An welchen Fronten kämpft China?
China hätte die Konzentration des Westens auf den Ukraine-Krieg gut nutzen können, um Taiwan zu überfallen. Überraschenderweise hat China unser Aufmerksamkeitsdefizit nicht genutzt, obwohl die Einverleibung des Inselstaates ein Kern des chinesischen Machtprogramms ist. Die Zurückhaltung gegen eine Übernahme dürfte an drohenden Gegenmaßnahmen der USA liegen und an der Gefährdung der Versorgung mit hoch integrierten Halbleiterbausteinen, die sowohl die chinesische Wirtschaft als auch den Westen treffen würde. China wird wohl noch etwa zehn Jahre brauchen, um sich auf dem Halbleitermarkt unabhängig zu machen. Das gewaltige Investitionsprogramm, das China vor dem Hintergrund der US-Sanktionen angeschoben hat, kann sich in der Breite der chinesischen Industrie kaum früher niederschlagen.
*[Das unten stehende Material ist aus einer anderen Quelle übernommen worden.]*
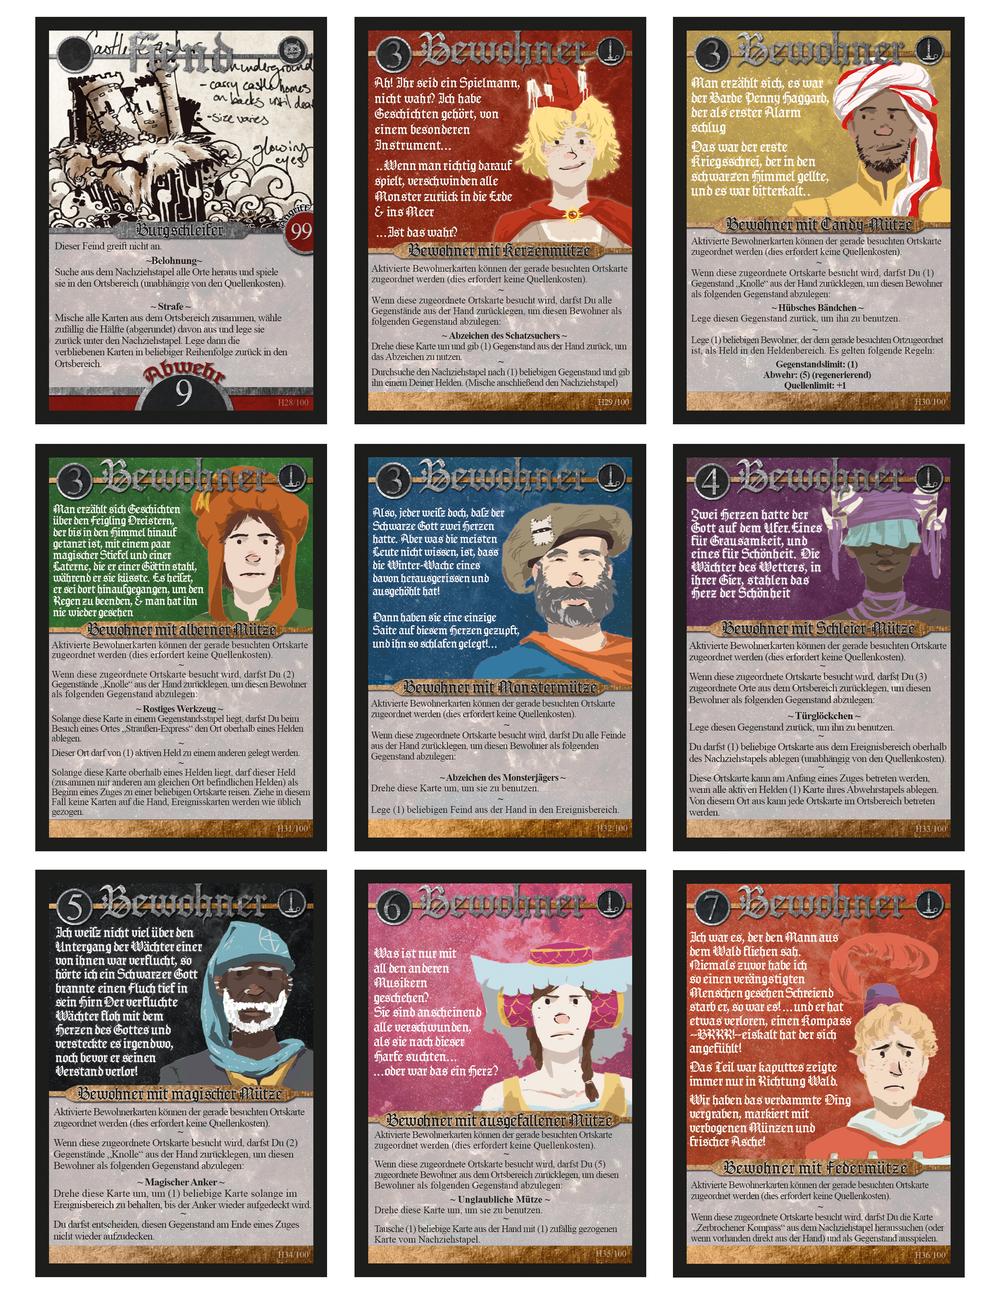 2014/2015 German edition Folk cards by Todd, Lauren, & Raimund Ruppel

Neben diesen externen Faktoren wirken in China derzeit Implosionskräfte, die das Land anhaltend schwächen könnten. Dazu gehört das Wiederaufflammen von Corona und in diesem Zusammenhang wirtschaftlich-strukturelle Probleme. Die Lage in den Komplexen Bausektor, Beschäftigung und Finanzierung scheint geradezu ausweglos: Entweder setzt China den Städtebau mit gewaltigem Leerstand fort, beschäftigt damit hunderte Millionen von Mitarbeitern und belastet sich mit einer nochmals ansteigenden Finanzierungslücke oder das Land stellt diese Mitarbeiter frei und gefährdet den sozialen Frieden durch eine große Arbeitslosigkeit und Anstieg der Wanderarbeiter.